Facebook explains how its historic downfall happened and how it fixed it

The fall of Facebook worldwide that occurred on Monday has been a before and after in the company, and it is that they were completely disconnected from the Internet for more than 5 hours, something unprecedented for one of the largest companies in the world. Now that the Facebook platform, WhatsApp and Instagram have recovered 100% from the crash that occurred on Monday, the Facebook team has published details about how the crash happened, why it happened and also how they managed to fix it. Want to know all the details about the biggest crash in Facebook history so far?

How does Facebook work and why did its total downfall occur?

Facebook has indicated that the total interruption of service worldwide was due to a failure of the system that manages the capacity of the company’s backbone, this backbone is the “backbone” of the Facebook network, to connect all the data centers that Facebook has spread all over the world, which consist of thousands of servers and hundreds of kilometers of fiber optics, since they also connect its data centers with submarine cables. Some Facebook data centers have millions of servers that store the data and have a high computational load, but in other cases the facilities are smaller and are responsible for connecting the backbone to the Internet in general for people to use their platforms.

When any user like us connects to Facebook or Instagram, the request for data travels from our device to the closest facility geographically, to later communicate directly with the backbone to access the largest data centers, this is where it is retrieves the requested information and is processed, for us to see it on the smartphone.

All data traffic between the different data centers is managed by routers, which determine where inbound and outbound data should be sent. As part of their daily work, Facebook’s engineering team needs to maintain this infrastructure and perform tasks such as upgrading routers, repairing fiber lines, or adding more capacity on certain networks. This was the problem with the global Facebook crash on Monday.

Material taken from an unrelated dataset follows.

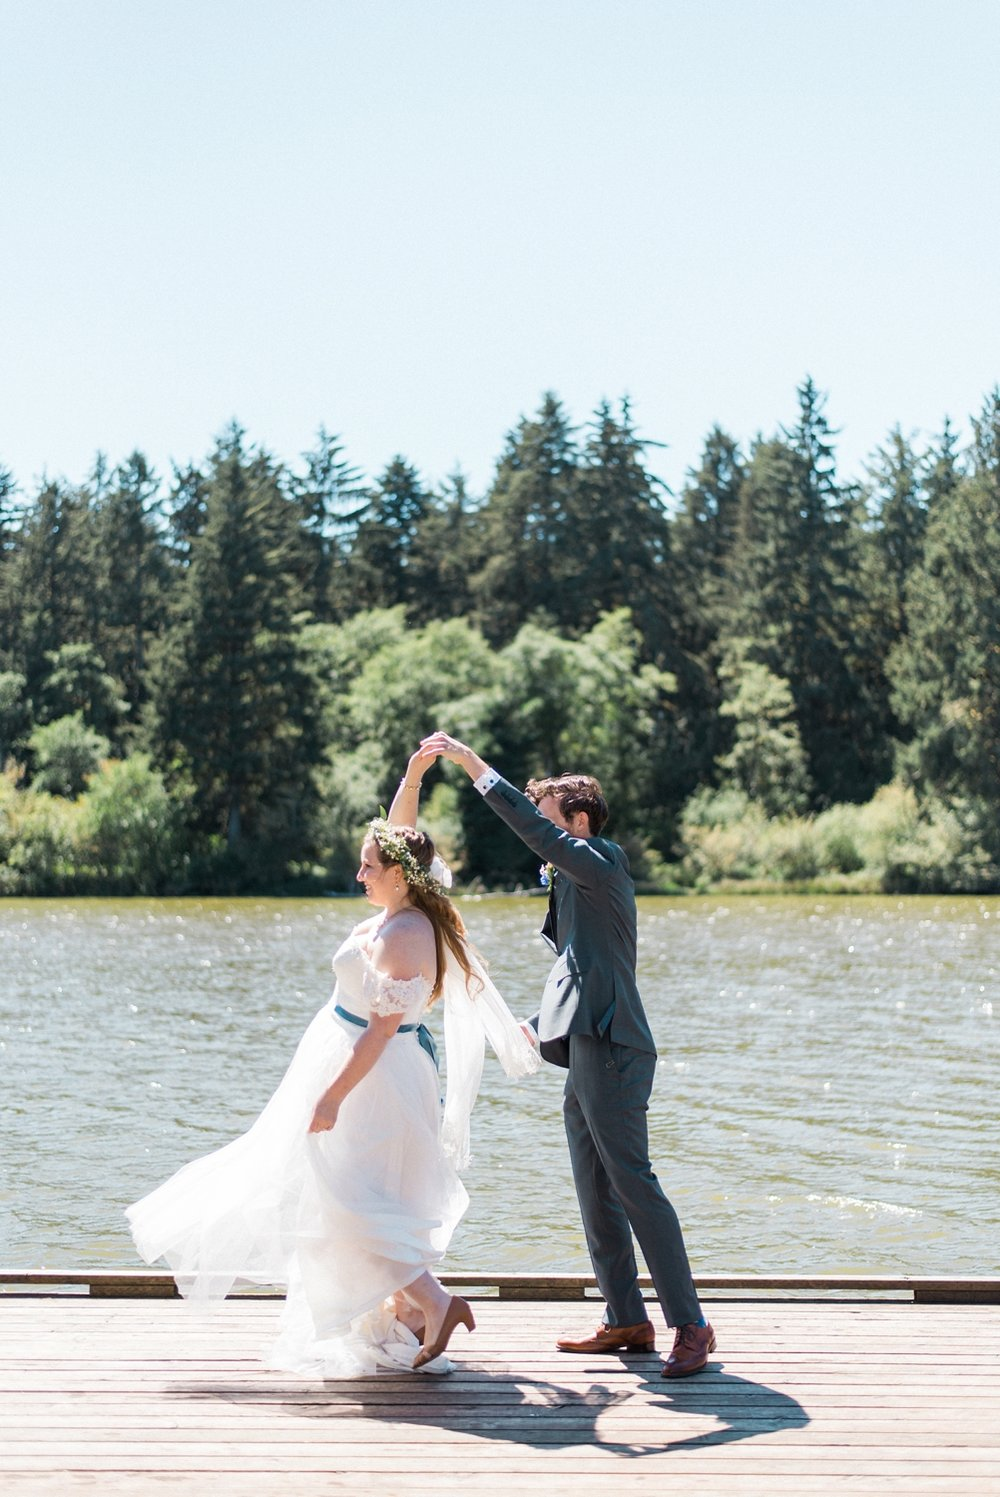 astoria-wedding-fort-stevens-oregon-kc-shelley-marie-photo-0360_cr.jpg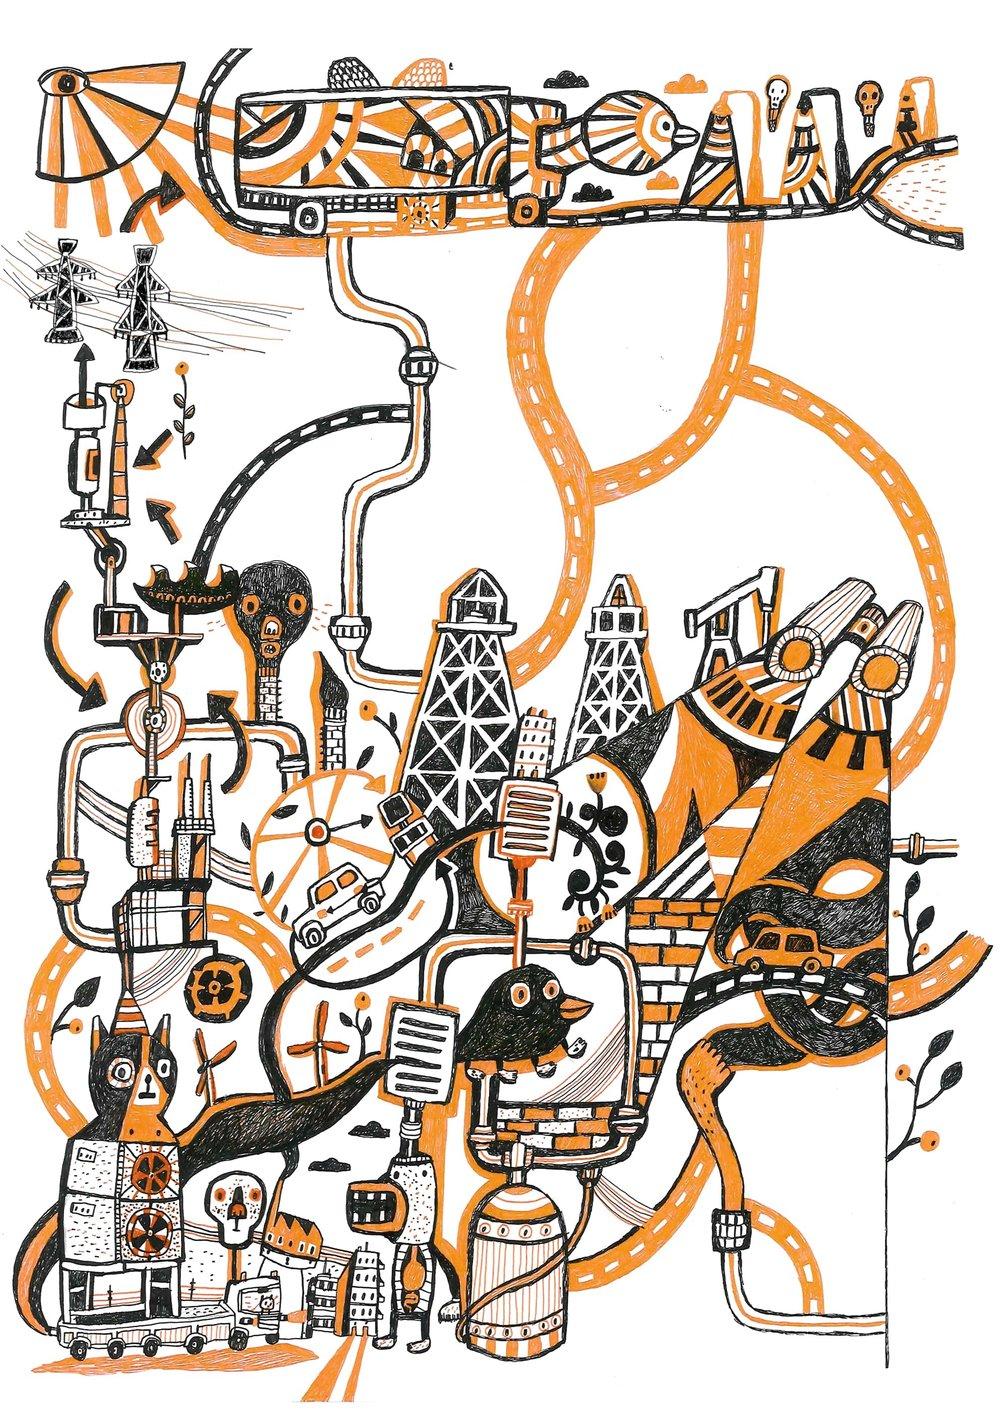 sociotechnicalFutures_illustration.jpg

During maintenance work, a command was sent with the intention of evaluating the availability of the global backbone capacity, but it accidentally cut off all backbone connections, disconnecting all Facebook data centers globally. Generally, Facebook uses systems to audit these types of commands, and mitigate or avoid errors like this, but an error (bug) in this audit and change control tool prevented the execution of the order from being stopped, and then everything fell apart.

What happened on Facebook when I ran the command?

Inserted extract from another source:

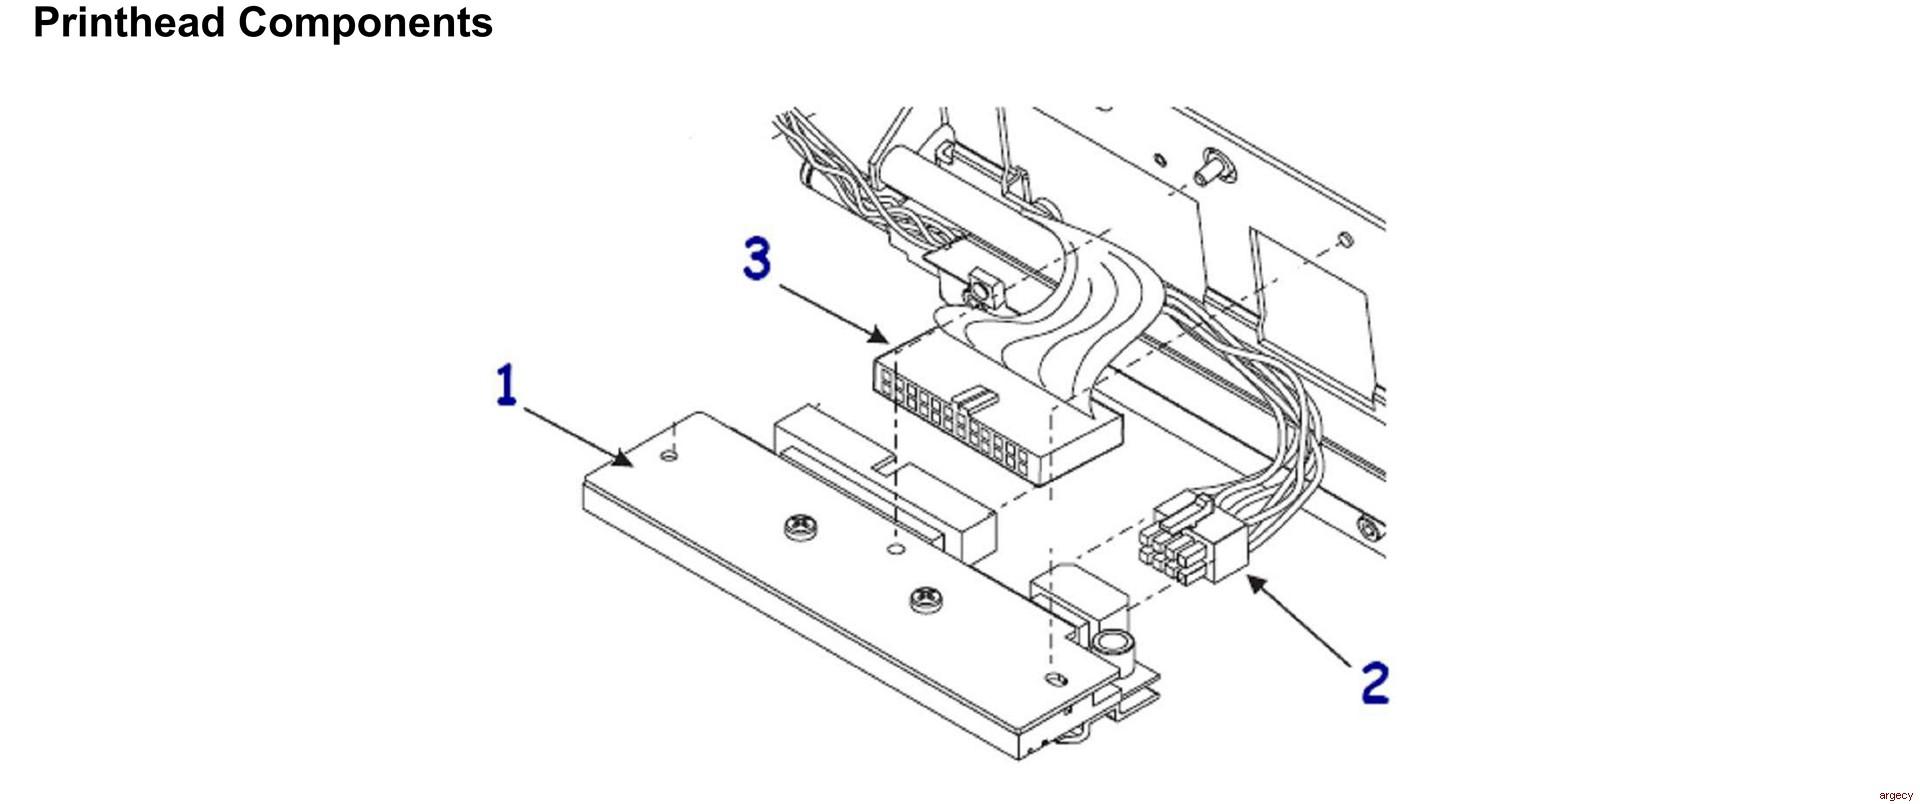 http://www.argecy.com/images/90Xi3Plus_96Xi3Plus_140Xi3Plus_170Xi3Plus_220Xi3Plus_Parts-4_cr.jpg

As soon as the command was executed, it caused a total disconnection of the Internet and data center connections, that is, we could not access any of the Facebook services because they were no longer visible on the Internet. In addition, this total disconnection caused a second catastrophic failure in the system, more specifically in the DNS. One of the tasks that smaller data center installations perform is to respond to DNS queries, these queries are answered by authoritative name servers that have well-known IP addresses, and which are advertised to the rest of the Internet using the protocol BGP.

To ensure more reliable operation, Facebook has the DNS servers turn off those BGP ads if they cannot talk to Facebook’s data centers themselves, because this indicates that the network connection is not working properly. With the total disruption of the backbone, what these DNS servers did was remove the BGP advertisements. The result of this is that Facebook’s DNS servers became unreachable even though they were working perfectly, for this reason, the rest of the world could not access Facebook services.

Logically this whole process was in a matter of seconds, while Facebook engineers tried to figure out what was happening and why, they faced two critical problems:

It was not possible to access the data centers normally, because the networks were totally down from the first problem.
The crash of DNS broke many internal tools that are commonly used to investigate and solve problems of this type.

Access to the main network and out-of-band network were down, nothing was working, so they had to physically send a team of people to the data center to fix the problem and reboot the system. This took a long time because the physical security in these centers is maximum, in fact, as confirmed by Facebook, it is even difficult for them to physically access them to make modifications, in order to avoid or mitigate possible physical attacks on their network. This took a long time until they were able to authenticate to the system and see what was happening.

Coming back to life … but little by little so as not to throw the whole system away

Once backbone connectivity was restored in the different regions of Facebook’s data centers, everything was working fine again, but not for users. In order to avoid a collapse in their systems due to the huge number of users who wanted to enter, they had to activate the services very little by little, to avoid causing new problems due to the exponential increase in traffic.

One of the problems is that the individual data centers were using very little electrical power, suddenly reversing all the traffic could make the electrical grid unable to absorb that much additional power, and could put electrical systems at risk as well. I cached them. Facebook has trained for these types of events, so they knew perfectly well what they should do to avoid more problems in the event of a global crash like the one that has happened. Although Facebook had simulated many problems and crashes of their servers and networks, they had never considered a total drop of the backbone, so they have already stated that they will look for a way to simulate this in the very near future to prevent it from coming back. pass and it takes so long to fix.

Facebook has also indicated that it was very interesting to see how physical security measures to prevent unauthorized access caused access to servers to slow down enormously as they tried to recover from this failure globally. In any case, it is better to protect yourself daily from these types of problems and have a somewhat slower recovery, than to relax the security measures of the data centers.